Person-centered practice is not concerned with ‘repairing’ or ‘curing’ dysfunctionality and never adopted the ‘diagnostic’ stance of the medical model in which the therapist is the expert.

 

Translation to Coaching

The coaching relationship needs to be tailored to the client, and this concept of the uniqueness of each individual points out the reason why. Designing action plans and so on must be jointly constructed for the best chance of success. What will work for one client may not work for another. The coach communicates a customized method by asking clients to help design their “homework,” to assess what is likely to get in the way, what supports and resources are available, and how they will recognize success.

The basic philosophical assumption of person-centered coaching is that the client is their own best expert and has an intrinsic motivation towards growth, development, and optimal functioning; this will be given expression when the client’s psychological processes are trusted and encouraged in the context of a facilitative person-to-person relationship.

Reflective listening constitutes the majority of responses from the coach.

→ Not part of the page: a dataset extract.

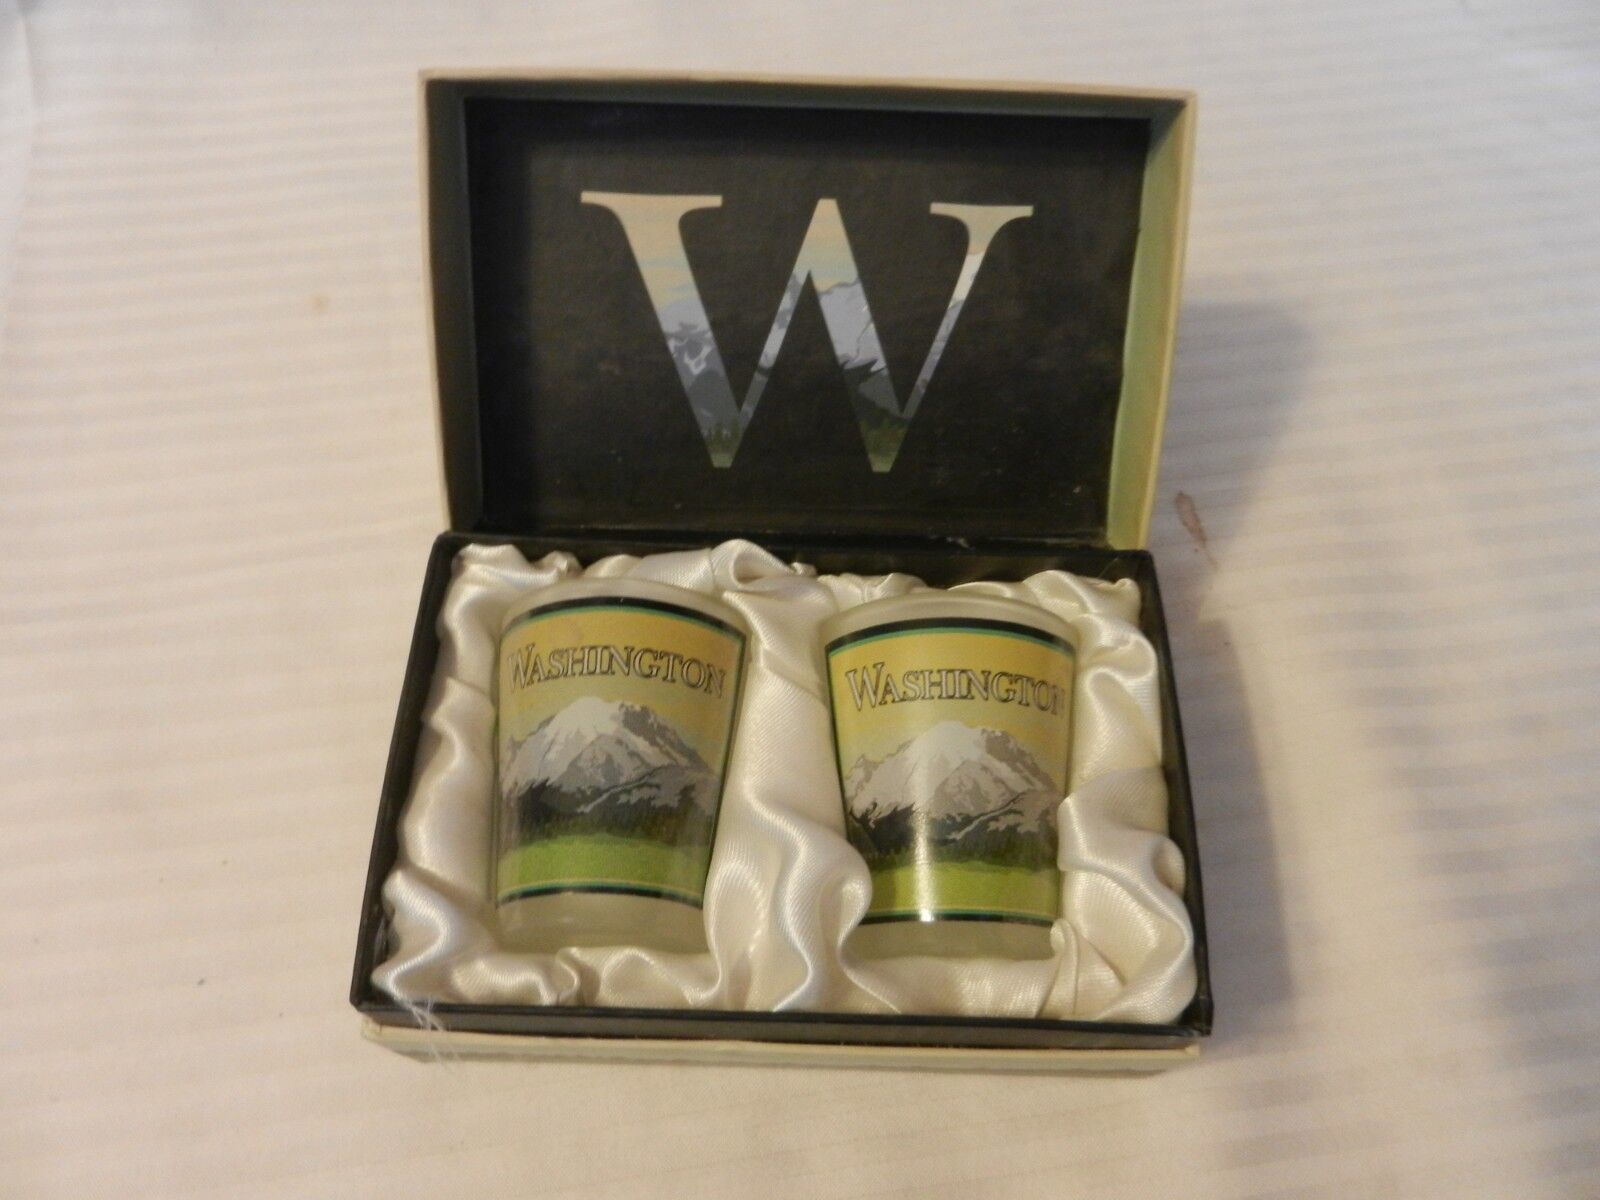 Primary image for Pair of Washington State Shot Glasses Mountain Views Brand New in Box

The coach stays with the client’s agenda; neither introduces new material nor prompts the client about how to think about the content of what they say or what direction to go. Stay with what the client is bringing, reflect feelings, and help clients become more aware of how they are feeling.

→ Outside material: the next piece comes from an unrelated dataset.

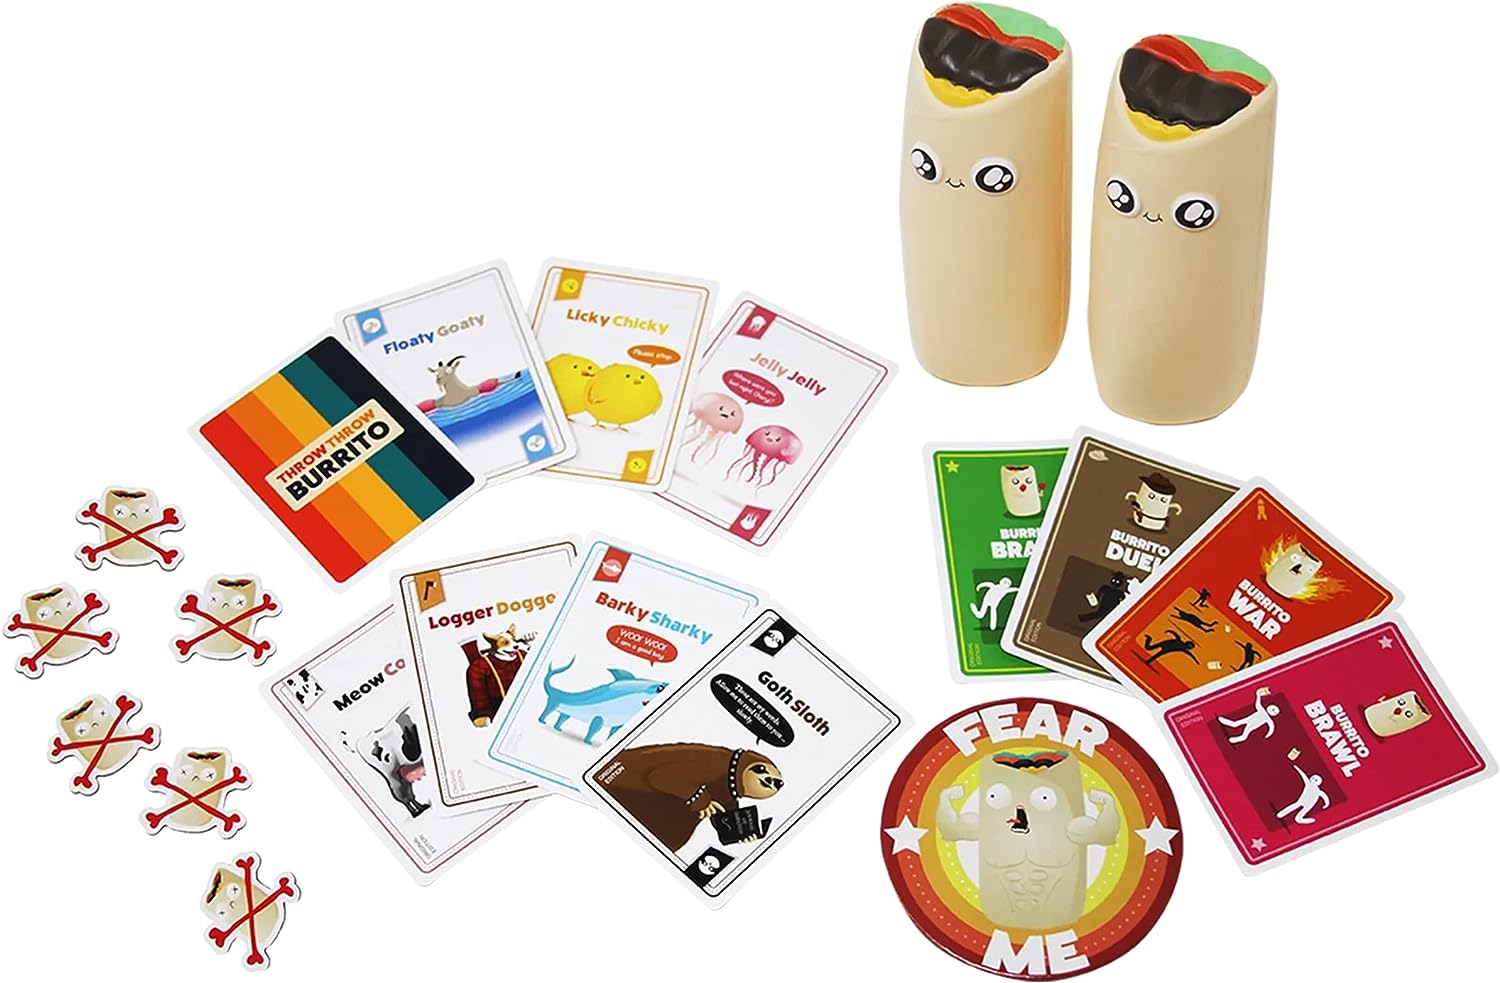 Throw Throw Burrito by Exploding Kittens - A Dodgeball Card Game - Family-Friendly Party Games

Reflective listening requires attention to all that is said and not said; it requires the coach to choose what to reflect on based on empathic understanding and congruence at that moment.

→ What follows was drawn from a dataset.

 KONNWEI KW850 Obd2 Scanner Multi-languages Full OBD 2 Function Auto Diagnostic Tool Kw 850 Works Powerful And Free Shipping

Reflective listening, when skillfully done and in the context of an empathic, congruent, positively regarding, and unconditional relationship, encourages the client to verbalize further, explore issues in more depth, be challenged, reach new insights, and ultimately be more equipped to make new choices in life.}

 

Choice and Responsibility

People can choose how they respond to their environment. We may not have ultimate power over any situation, but there are always both given and chosen aspects of any particular moment.

 

Availability of Choice

At any moment, a choice is being made, whether we are aware of it. By cultivating awareness of choice being available, we have the power to make choices and responsibility for the choices made. This empowers the client to harness the self-actualization tendency.

Self-determination theory (SDT), a contemporary organismic theory of human motivation and personality functioning, emphasizes the central role of the individual’s inner resources for personality development and behavioral self-regulation. According to person-centered theory, SDT views the person as an active growth-oriented organism, attempting to actualize their potential within the environment in which they function.

The social environment can either facilitate or inhibit the person’s synthesizing tendency.

 

Translation to Coaching

In accord with the philosophical tradition of humanistic thought, the basic assumption in coaching is that change is possible and that we have a choice in terms of action and meaning-making. This humanistic value is implicit in questions such as

“Who do you want to be in this situation?”

“What do you want to accomplish in this?”

“How do you want to make that happen?”

In asking our clients to make clear and conscious choices, we ask them to become active architects of their growth. By holding them accountable for those choices, we underscore the responsibility of choice.